5 Questions with Gavin Chanin of Chanin Wine Co.

Chanin Wine CompanyI had quite a great time while moderating and tasting my way through the very cool California Pinot Noir: In Pursuit of Balance (Twitter) event, back in late March.  It was there during the trade tasting at Rn74 (Twitter) that I had the great pleasure of trying two Pinots from a young winemaker by the name of Gavin Chanin, winemaker and proprietor of his relatively new, Chanin Wine Company (Twitter, WineLog).  After getting to know a bit about Chanin while at the event, I resolved to find out more about this fresh winemaking personality and his myriad of fine vineyard connections and non-wine, artistic leanings.

1. Ward (Twitter)/VinopanionWineLog (Twitter): You have a bit more of an old school philosophy about your wines, despite making Pinot in California. Could you explain more about what you’re striving for with each vintage of your Chardonnay and Pinot Noir?

Gavin Chanin - Chanin Wine Company Gavin Chanin (Twitter, WineLog): My wines are generally lower in alcohol and higher in acidity that what has recently been coming from California. I strive to make wines that have balance, energy, ageability and most importantly wines that are delicious. To do this in California I think you need to eliminate hot, alcoholic, fruity wines that show little about the place they were grown. I am fascinated with this idea that certain vineyards are so unique that they leave recognizable characteristics in the finished wines years and years down the road. In my experience, Pinot Noir and Chardonnay are most sensitive to changes in soil, and climate and thus a great place to explore the idea further.

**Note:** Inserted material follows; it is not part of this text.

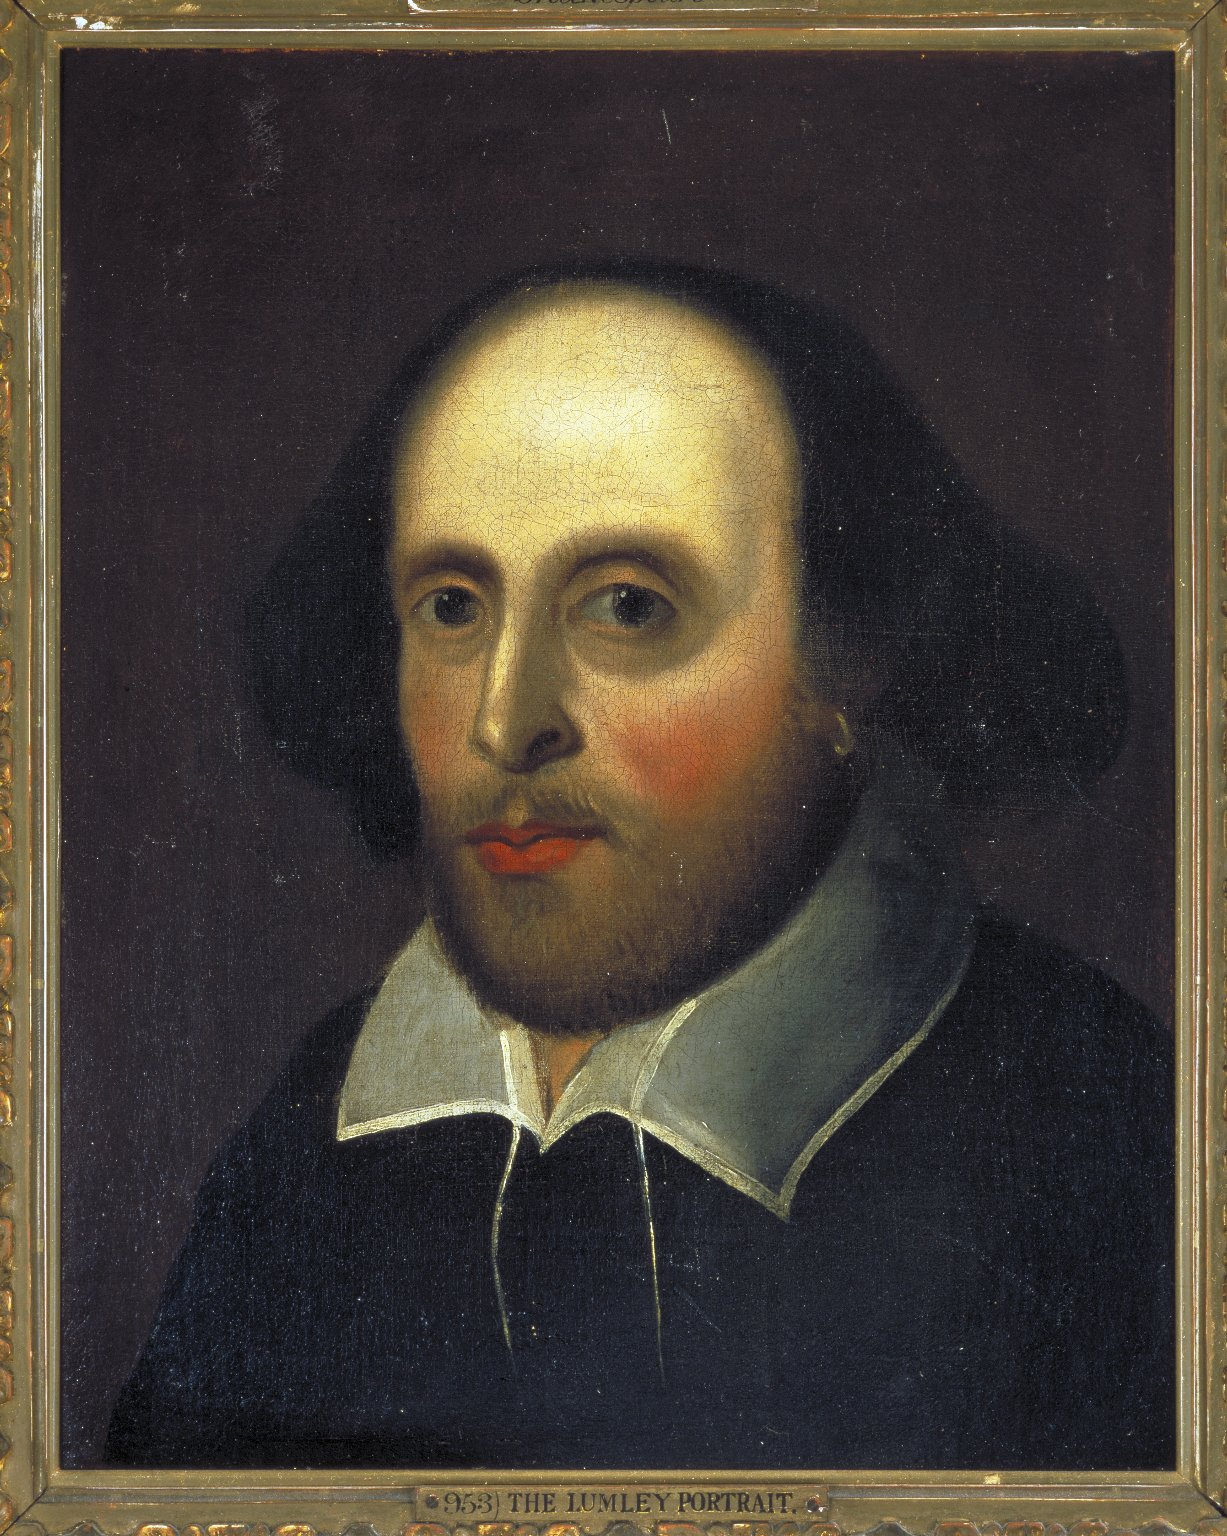 Lumley Portrait of Shakespeare

2. Ward (Twitter)/VinopanionWineLog (Twitter): Despite your decidedly youthful age, you’ve thrown down some serious wine time, working vintages at such legends as Au Bon Climat, Qupé and a few others around the world. How did you get into wine so quickly and can I have your hookups (j/k)?

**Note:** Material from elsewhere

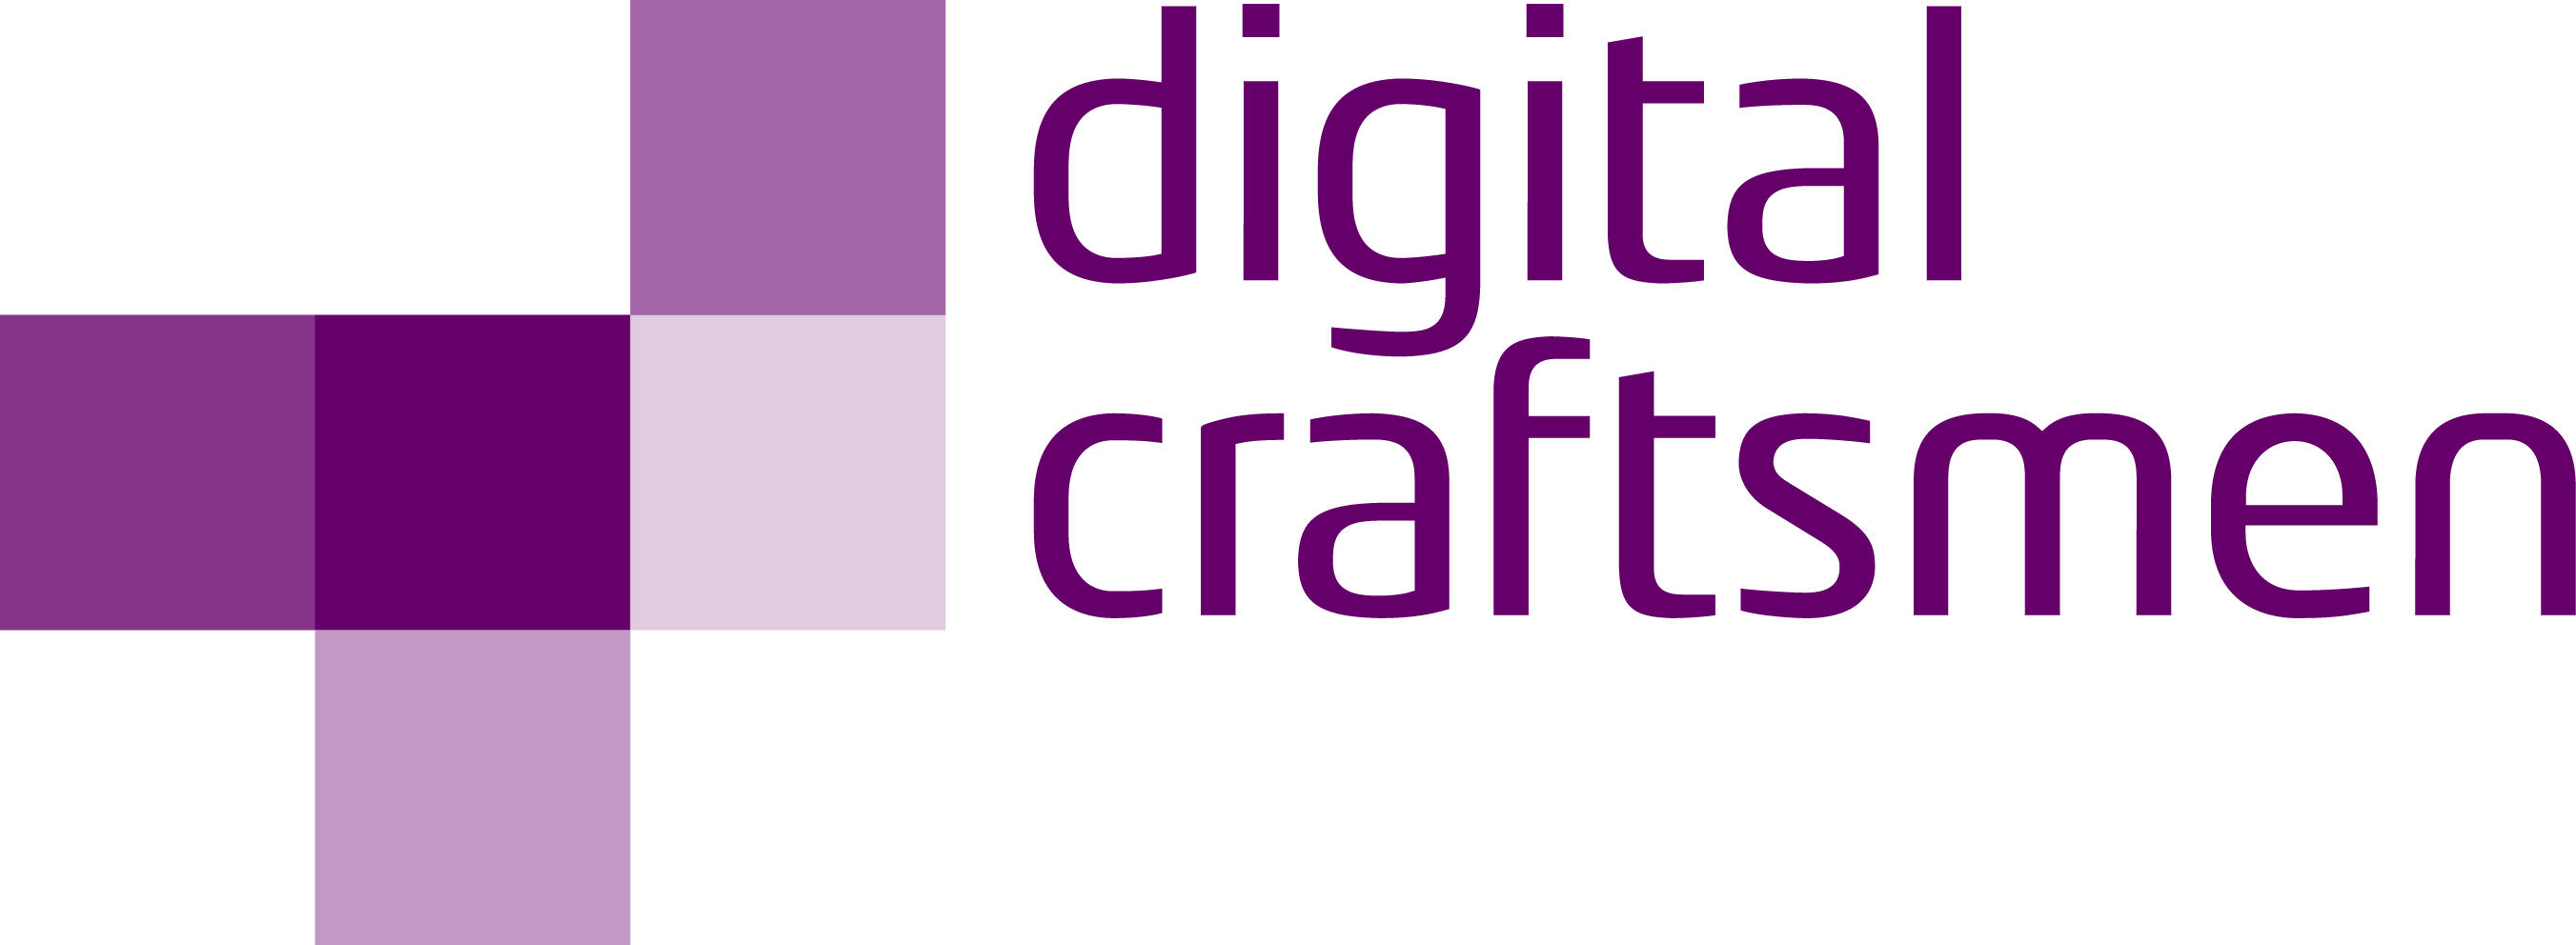 Digital Craftsmen Logo

Chanin Wine Company Gavin Chanin (Twitter, WineLog): I worked my first harvest a few months after my high school graduation. I though winemaking really sounded cool so when to opportunity came up to make wine for a summer I jumped on it. I ended up falling in love with wine really quickly. I worked the next two vintages in California before taking a year off of school and working in south Africa and New Zealand. This will be my eighth vintage in California and my 11th harvest overall.

3. Ward (Twitter)/VinopanionWineLog (Twitter): Out of the vintages listed above, which one has been your favorite and why?

Gavin Chanin (Twitter, WineLog): I really loved the 2010 vintage. It was a challenging vintage but at the same time I think I made my best wines yet. Doing you best work it what many consider a very tough vintage makes me even more proud of the wines. I love the elegance of the 2008s, the muscle of the 2009s and the balance of 2007. So I guess I like them all. I am a big believer that vintage is just as important as soil and climate when it comes to showing terroir so I love how every vintage is so different.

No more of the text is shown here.